According to Rector the current trend in weed management is to use less chemicals. "The shift now is to be wiser and smarter in all we do with our land resources and in our land management," he stated. "Weeds are normal and are part of nature's cycle."

Rector explained to the group that the top inch of soil contains as much as eight percent by weight weed and brush seed. "The weed and brush seeds are always sitting there waiting for human land managers to mess up," he said, "so that in the natural process the weeds will come up to protect the soil from erosion."

One of Rector's jobs is to field calls from landowners with questions about weed management. "When a client calls and asks me what to spray to get rid of a certain weed I give them a 30-minute lecture on why they have weeds," he stated. "Before I tell them what chemical to use I ask them if their management is going to change. If they don't tell me they are going to change the practices that promoted the weeds in the first place I won't tell them what chemical to spray!"

Times have changed he said. Now land managers need to learn and understand how the natural system works. "How do you know what the right tools, technology and chemicals are for a certain problem?" asked Rector. He said the first step is to become educated about the land so that the source of a problem can be identified and understood.

"The reason we have research at the Texas Agricultural Experiment Station is we want to live by the truth and the facts that exist," he said. "We are not going to promote any chemical, any technology, any control for any plant until it is documented that it works."

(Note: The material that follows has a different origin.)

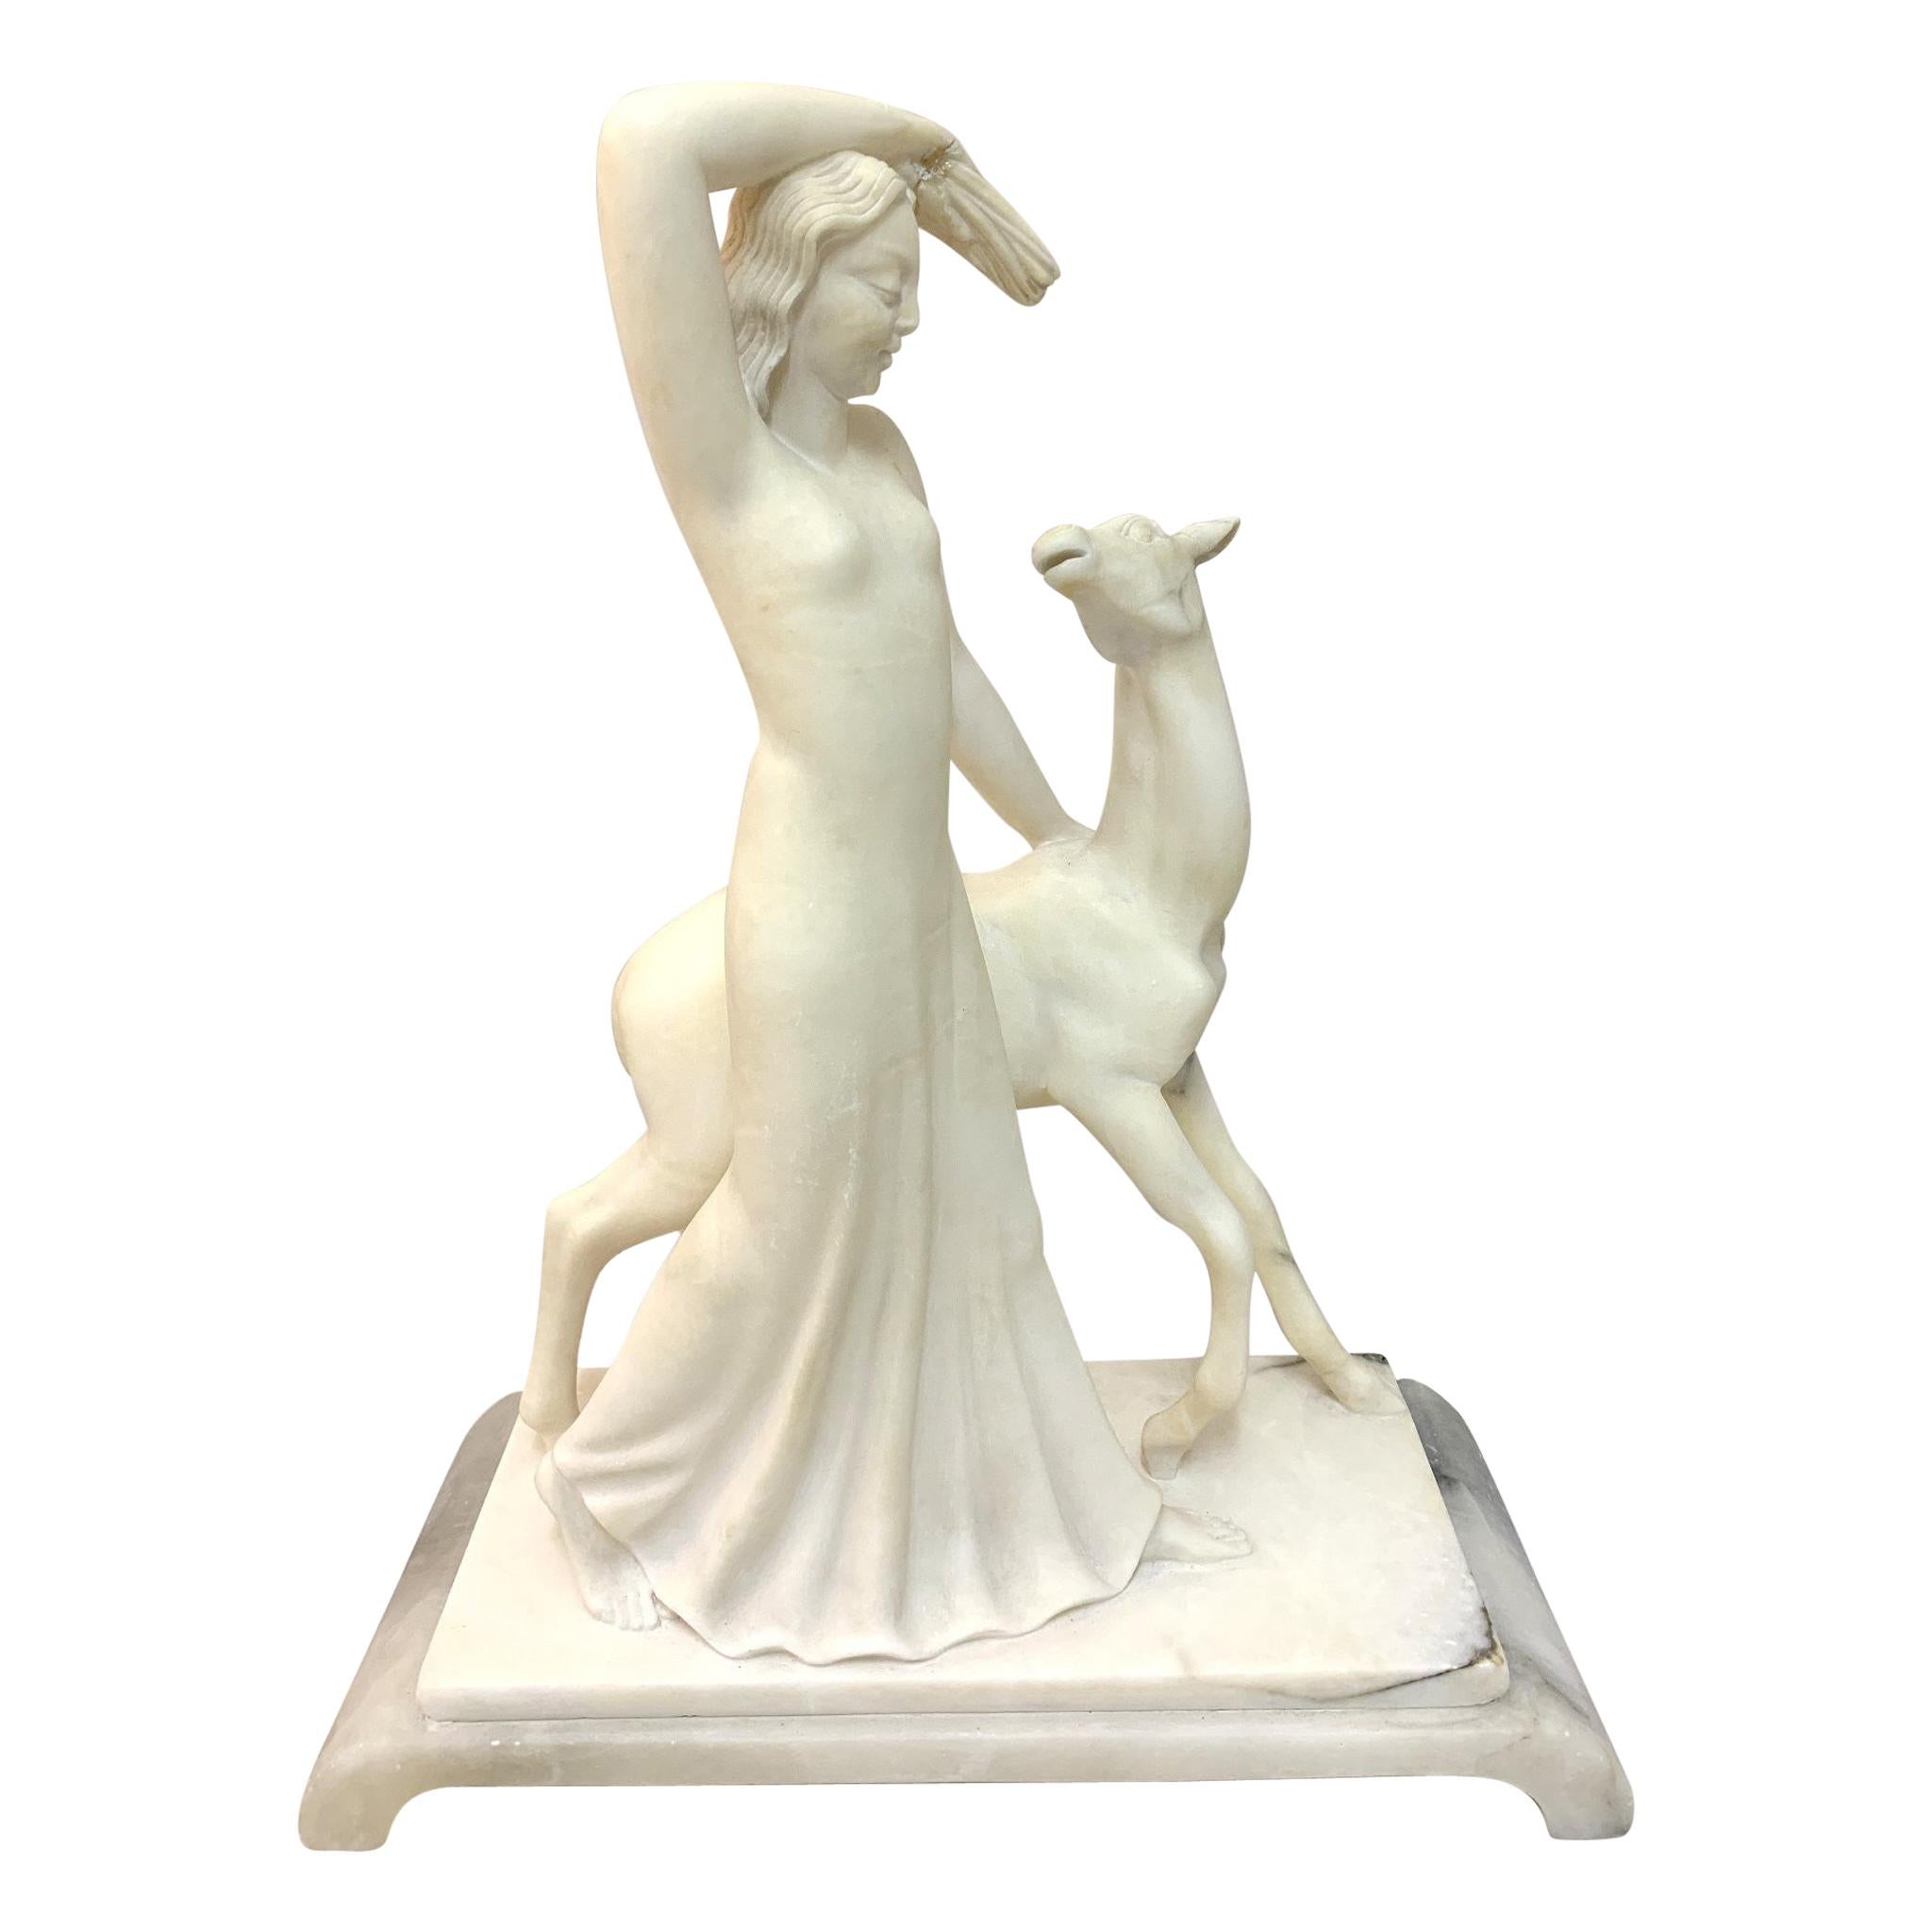 Marvelous Art Deco Lady with Fawn Sculpture, Alabaster, 1930s

Rector stated that there are over 5,000 species of plants in the state of Texas. "Today we know a lot about the management, control and growing techniques on 200 of those 5,000," he said. "We are going to need a whole lot more of your tax dollars to figure out the other 4,800 species!"

One important point Rector made during his presentation was that those individuals that insist on planting non-native grasses in Texas will always have to fight Mother Nature. "To keep plant material that does not fit into the natural processes and functions of the land will cost landowners and managers a lot of money," he stated. "The natural ecological processes in the state of Texas do not stop because of human activity or wishes."

Rector asked the group to think about who was managing Texas land in 1820 when the settlers arrived. "Why do we think that we are so important today that we have to be out there managing the land?" he asked. "The answer is simple. The reason we manage the land today is because what is out there is not natural to Texas. What many of the animals and plants out there do to the land is just not natural."